Here’s what Wall Street’s saying:
Dan Eye, Head, Asset Allocation, Equity Research: Fort Pitt Capital Group to TheStreet:
"Once you have momentum really driving the bus, it’s always hard to point your finger and say what’s going to dent that momentum? Maybe it’s time to take some gains. One of our portfolio companies reported earnings last week and it looks like a lot of positive earnings results were driven by first half of the year demand from telecom companies that are responding to the pick up in demand. Now that’s kind of tapered off a little bit. Their customers are seeing weakness at the enterprise level. I do think there was some pull forward there. Investors might be adjusting their expectations a little bit.”

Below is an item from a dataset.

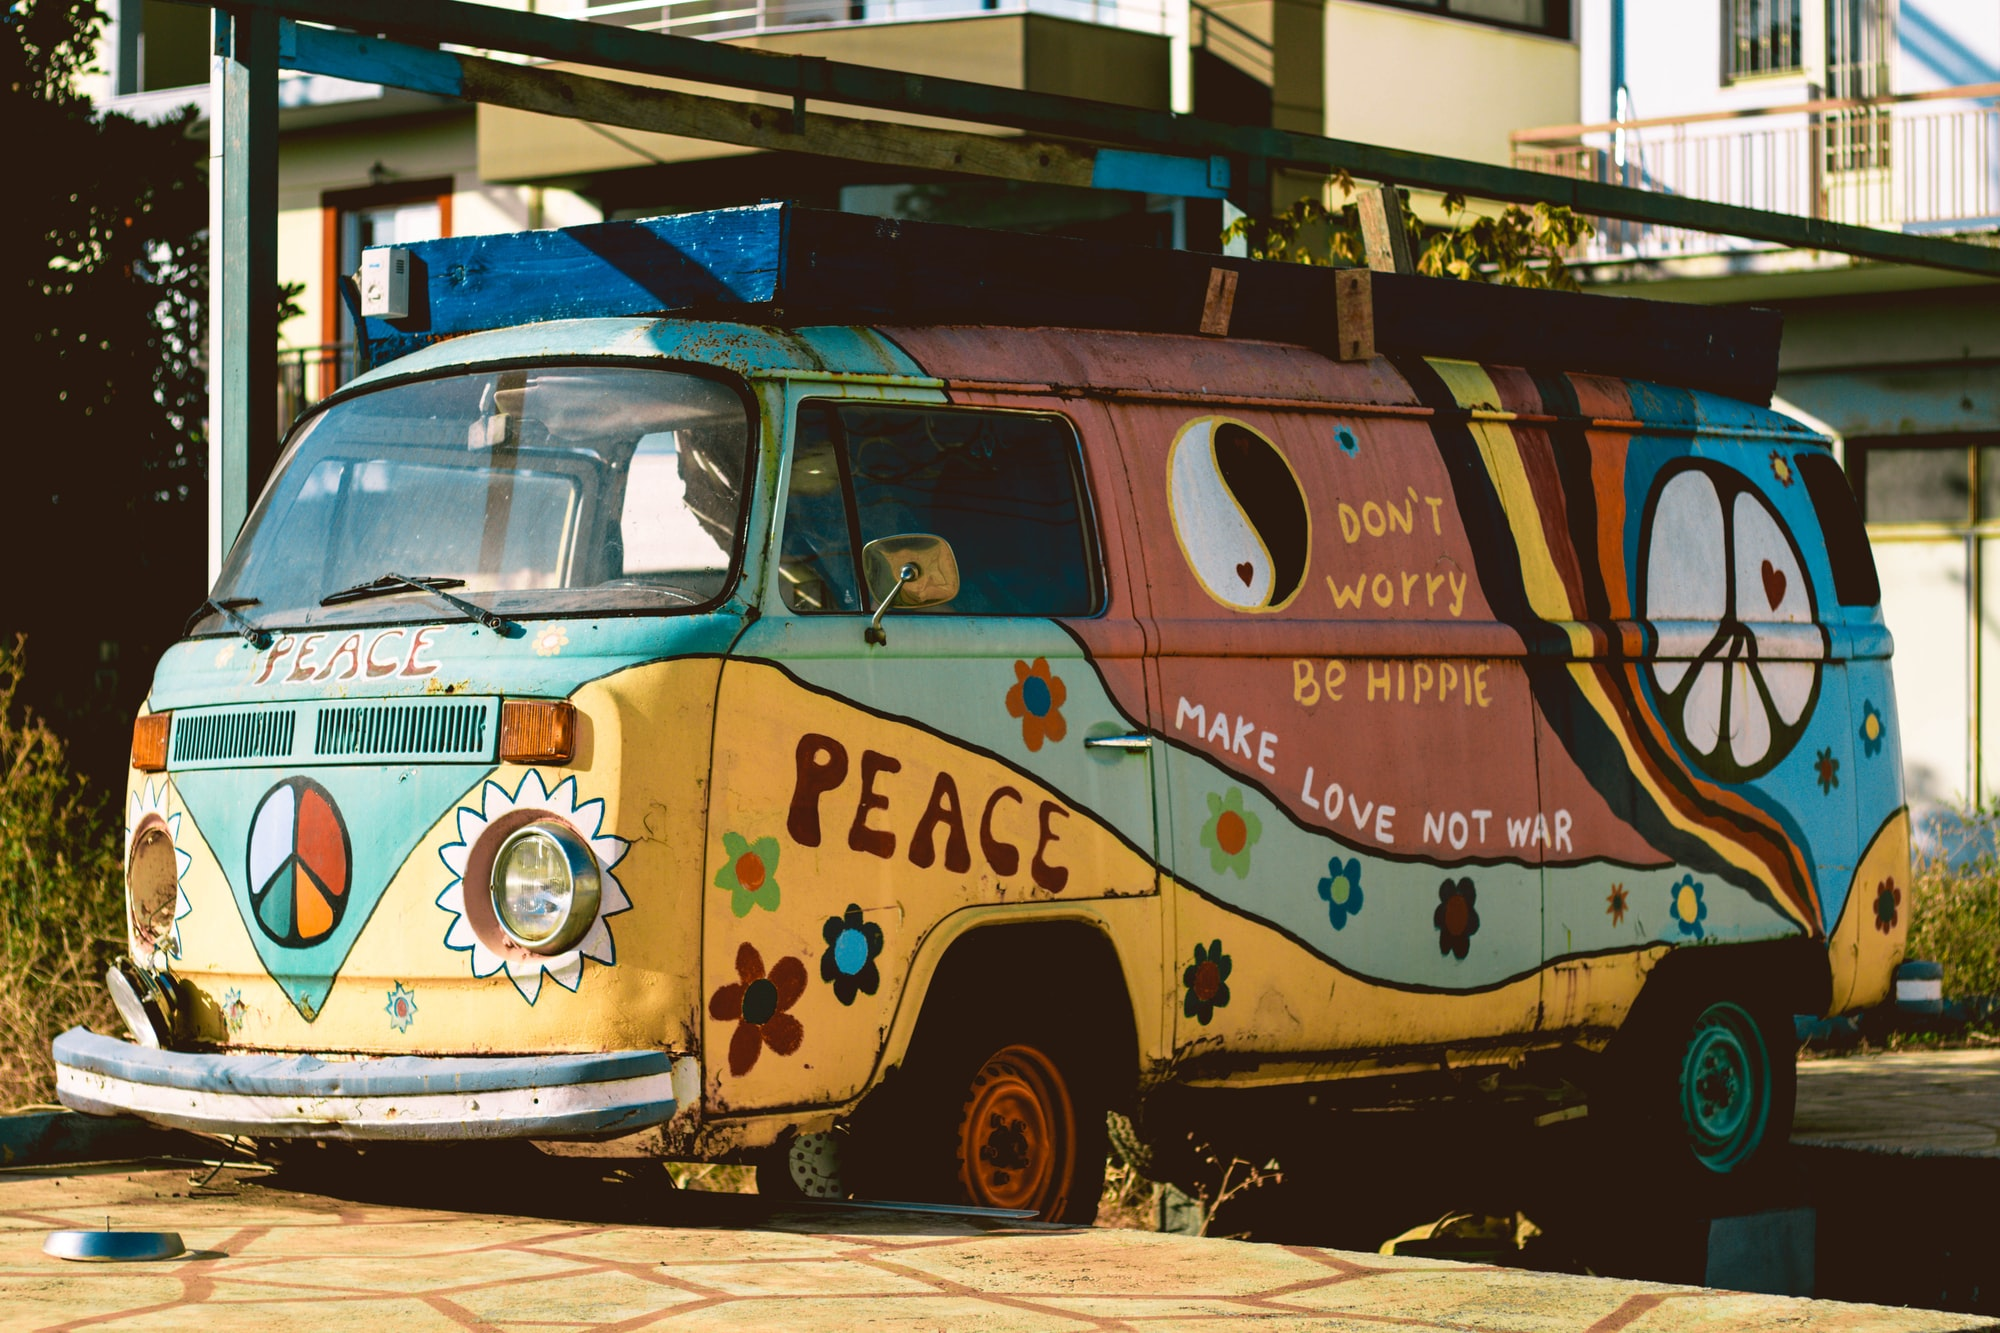 23: Benefits of being a hippie

Mike Wilson, Chief U.S. Equity Strategist, Morgan Stanley:
"Last week’s decline was technical in nature but fundamentally triggered. The market began to contemplate higher back-end rates as fiscal stimulus passes."

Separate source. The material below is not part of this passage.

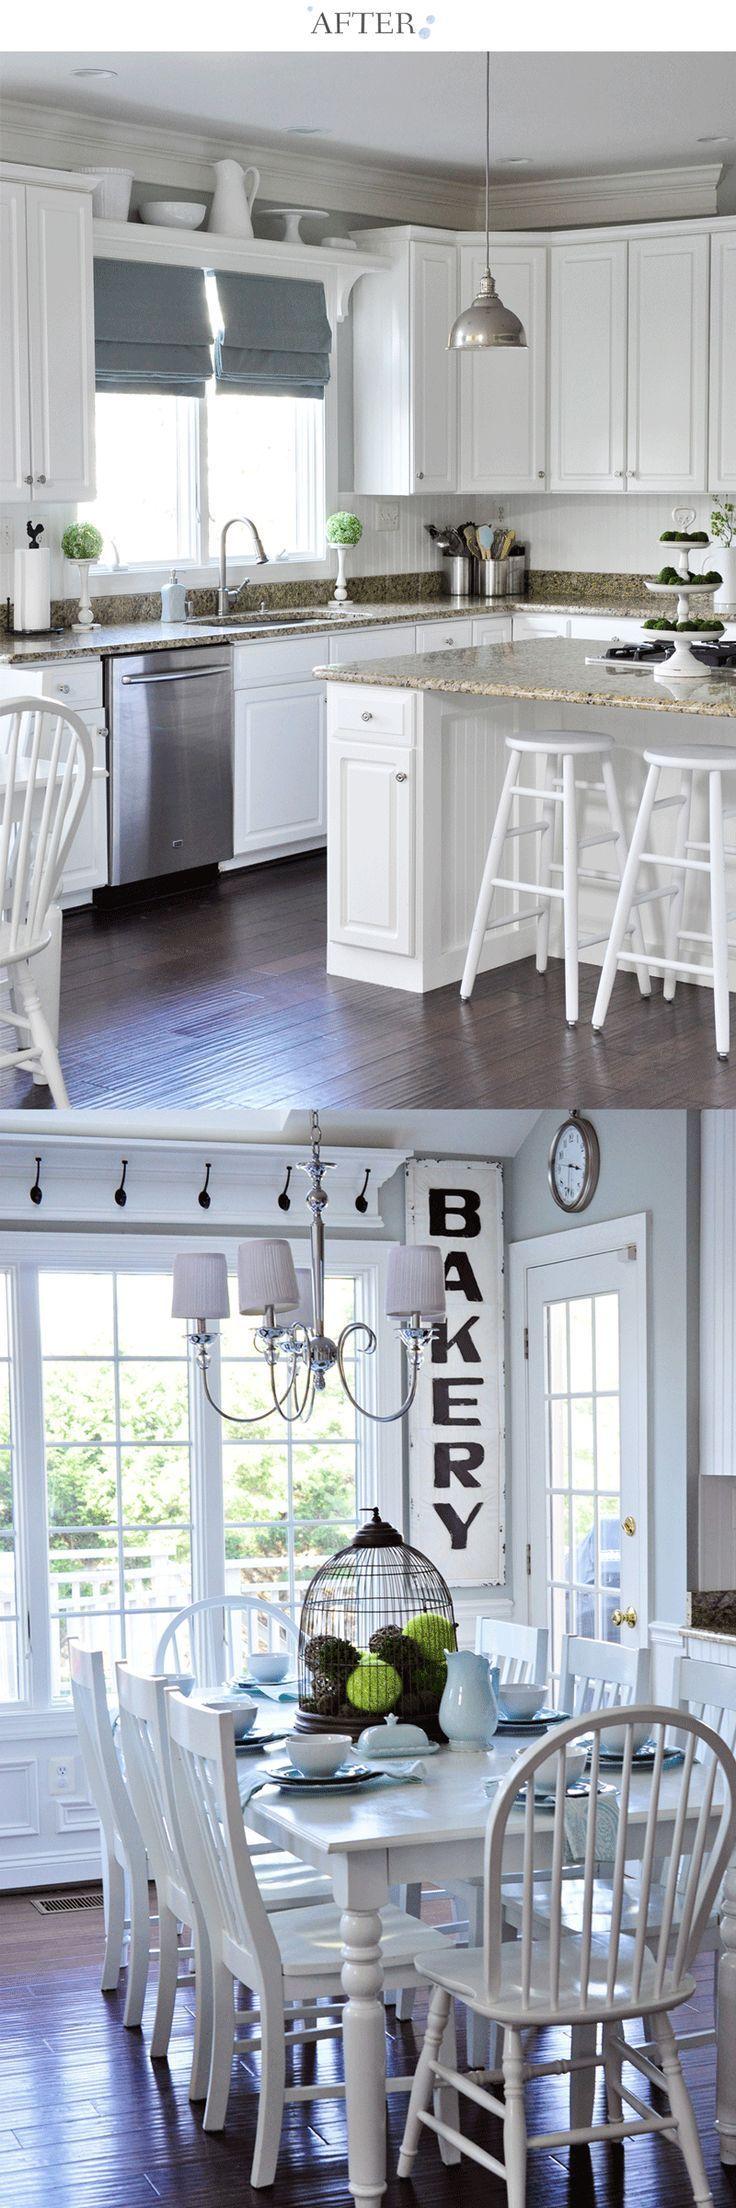 Best 25 Shelf Over Window Ideas On Pinterest Kitchen Window Designs Rustic Crown Molding And

Steven Ricchiuto, Chief U.S. Economist, Mizuho Securities:
"Although the longer-term outlook for the equity market remains constructive, there are reasons to expect the ongoing rally needs take a breather as stocks mover from weak to stronger hands. We suggest investors view this as an opportunity to rebalance their portfolios, rather than increase their cash positions. Essentially, a lot of good news is priced into the market. Not only is there clear evidence that the economy has turned the corner from recession to recovery.”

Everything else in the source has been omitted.